Related reading: Q&A with Dr. Benjamin Lilienfeld as he discusses Roche mass spectrometry solution launch

References:

1. Murphy CC, Bartholomew LK, Carpentier MY, Bluethmann SM, Vernon SW. Adherence to adjuvant hormonal therapy among breast cancer survivors in clinical practice: a systematic review. Breast Cancer Res Treat. 2012;134(2):459–78.

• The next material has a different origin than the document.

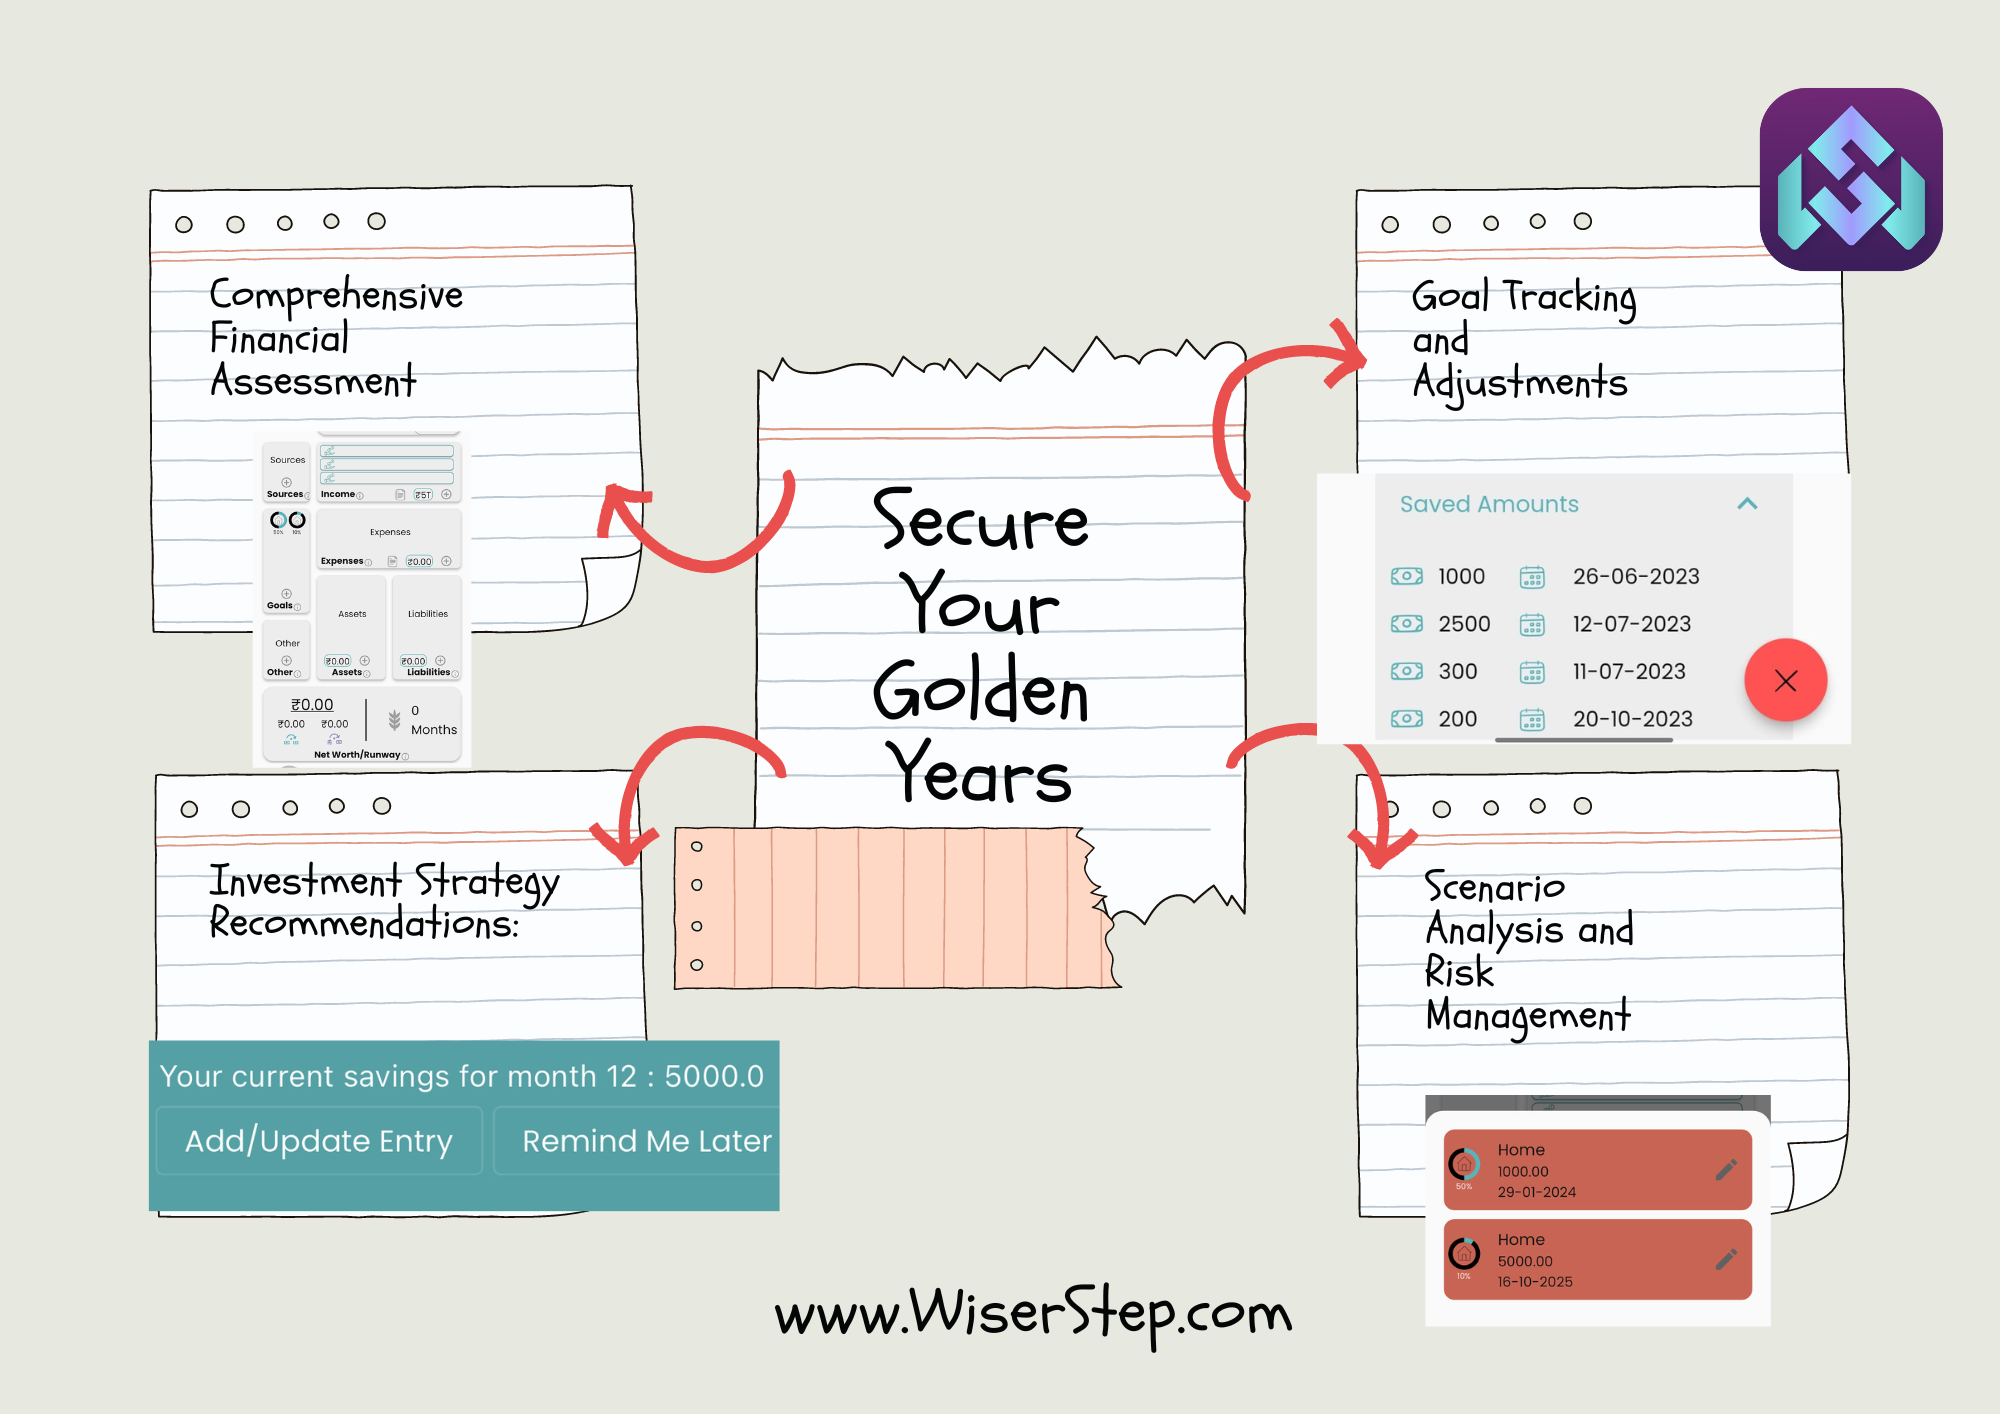 Secure Your Golden Years: How WiserStep and Finance Apps Simplify Retirement Income Planning
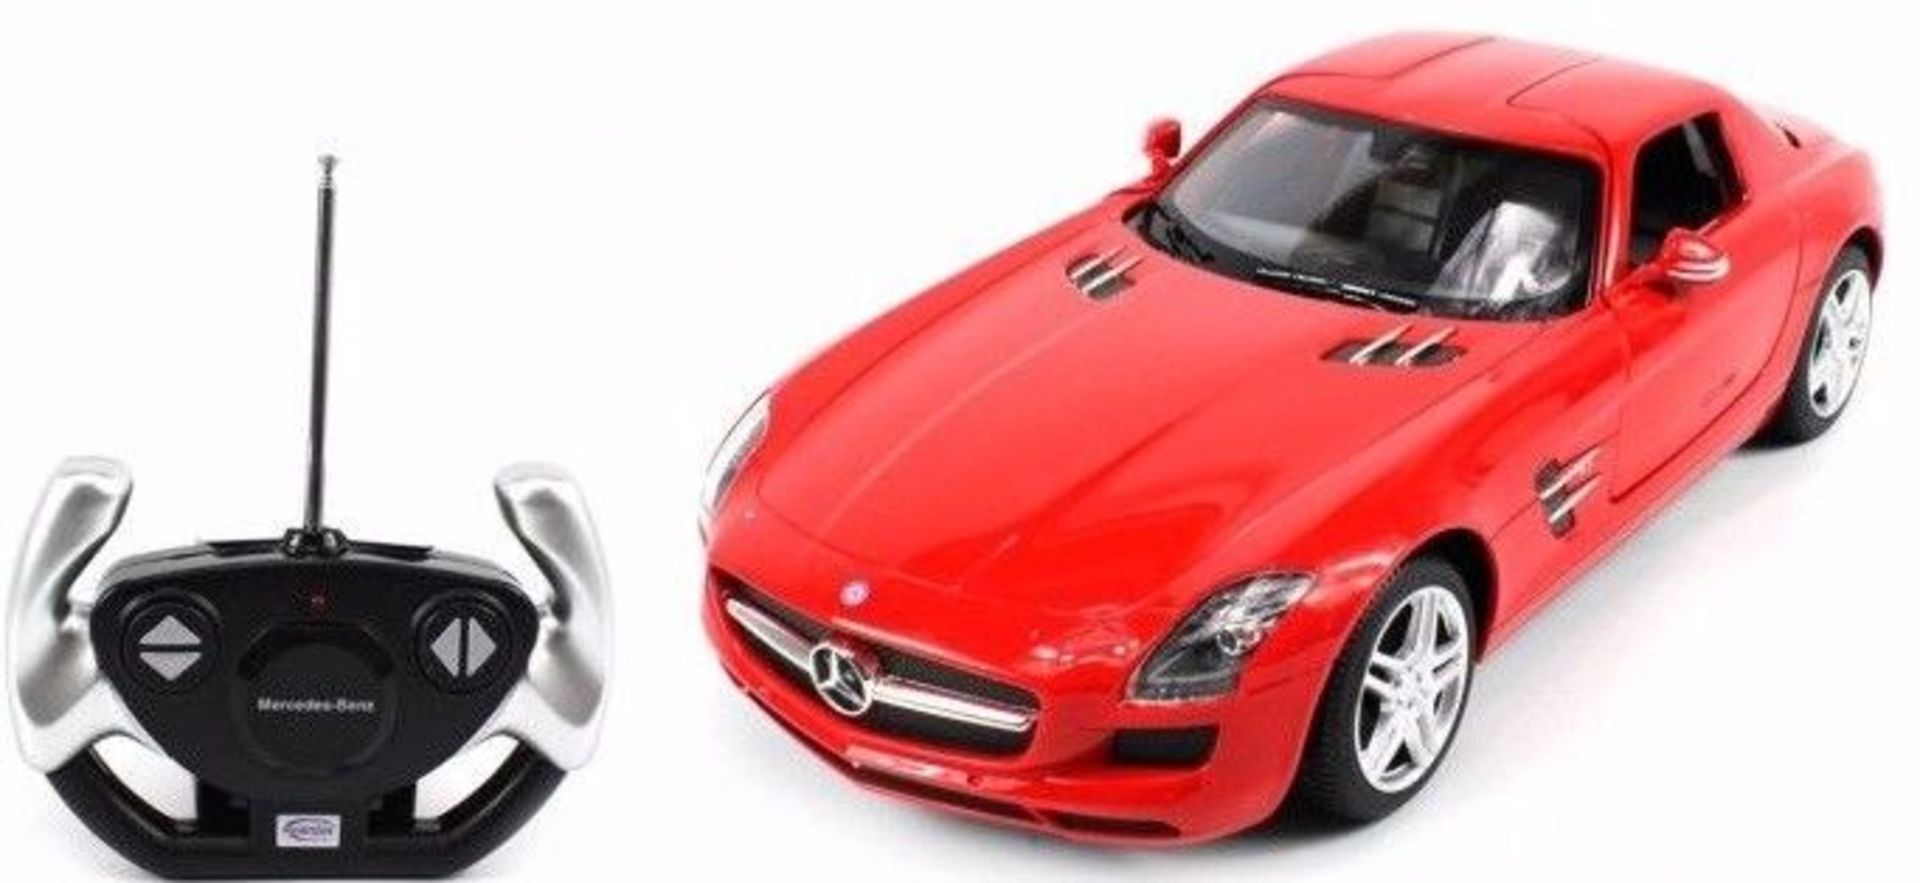 V *TRADE QTY* Brand New 1:10 Radio Controlled Red Mercedes-Benz SLS AMG X 4 YOUR BID PRICE TO BE

2. Dawn L Hershman 1, Theresa Shao, Lawrence H Kushi, Donna Buono, Wei Yann Tsai, Louis Fehrenbacher, Marilyn Kwan, Scarlett Lin Gomez, Alfred I Neugut Early discontinuation and non-adherence to adjuvant hormonal therapy are associated with increased mortality in women with breast cancer; Breast Cancer Res Treat 2011 Apr; 126(2):529-37
3. Ingle JN, Cairns J, Suman VJ, Shepherd LE, Fasching PA, Hoskin TL, Singh RJ, Desta Z, Kalari KR, Ellis MJ, Goss PE, Chen BE, Volz B, Barman P, Carlson EE, Haddad T, Goetz MP, Goodnature B, Cuellar ME, Walters MA, Correia C, Kaufmann SH, Weinshilboum RM, Wang L. Anastrozole has an association between degree of estrogen suppression and outcomes in early breast cancer and is a ligand for estrogen receptor α; Clin Cancer Res. 2020 June 15; 26(12): 2986–2996.